The way to specify this problem is exactly the same than with the optimization of parents but the input information is at the level of predicted crosses instead of individuals.

# run the genetic algorithm
  res<-evolafit(formula = c(GY, occ)~hy, dt= DT, 
                # constraints: if sum is greater than this ignore
                constraintsUB = c(Inf,100), 
                # constraints: if sum is smaller than this ignore
                constraintsLB= c(-Inf,-Inf),
                # weight the traits for the selection
                traitWeight = c(1,0), 
                # population parameters
                nCrosses = 100, nProgeny = 10, 
                # coancestry parameters
                A=A, lambda=c(0.3,0), nQTLperInd = 100, 
                # selection parameters
                propSelBetween = 0.9, propSelWithin =0.9, 
                nGenerations = 10, verbose=FALSE) 
best = bestSol(res)[1]
sum(res$M[best,]) # total # of inds selected
## [1] 86

You can use the pmonitor() or pareto() functions to see the evolution of the solution and see the performance of the solution selected.

pmonitor(res)

plot(DT$GY, col=as.factor(res$M[best,]), 
       pch=(res$M[best,]*19)+1)

3) Optimizing a subsample of size N to be representative

One particular case when we want to pick a representative subsample is when we don’t have the resources to test everything (e.g., in the field/farm). In this example we use the information from 599 wheat lines to pick a subsample that maximizes the prediction accuracy for the entire sample. We start loading the data, in particular the phenotypes (DT) and the pedigree relationship matrix (A).

data(DT_wheat)
DT <- as.data.frame(DT_wheat)
DT$id <- rownames(DT) # IDs
DT$occ <- 1; DT$occ[1]=0 # to track occurrences
DT$dummy <- 1; DT$dummy[1]=0 # dummy trait
# if genomic
# GT <- GT_wheat + 1; rownames(GT) <- rownames(DT)
# A <-  GT%*%t(GT)
# A <- A/mean(diag(A))
# if pedigree
A <- A_wheat

Now in order to pick a structured sample we will do a PCA and pick the cluster number 3 to be a subset to predict later (vp), while we will focus in rest of the population as candidates for the training set (tp).

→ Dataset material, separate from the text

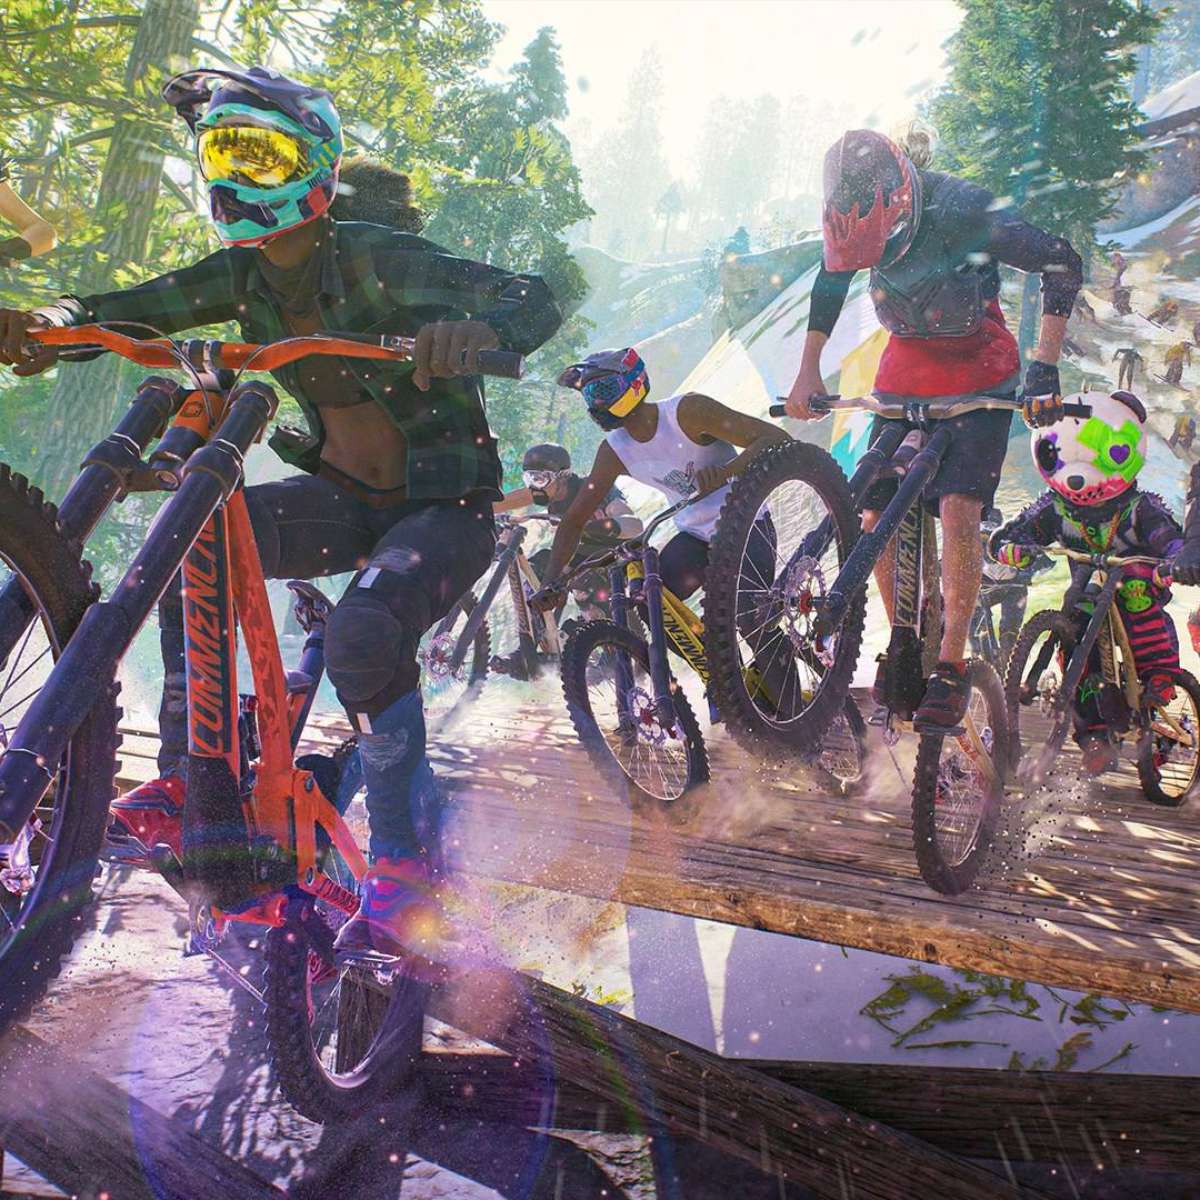 Xbox oferece Riders Republic e mais 2 games grátis para jogar

##Perform eigenvalue decomposition for clustering
##And select cluster 5 as target set to predict
pcNum=25
svdWheat <- svd(A, nu = pcNum, nv = pcNum)
PCWheat <- A %*% svdWheat$v
rownames(PCWheat) <- rownames(A)
DistWheat <- dist(PCWheat)
TreeWheat <- cutree(hclust(DistWheat), k = 5 )
plot(PCWheat[,1], PCWheat[,2], col = TreeWheat, 
     pch = as.character(TreeWheat), xlab = "pc1", ylab = "pc2")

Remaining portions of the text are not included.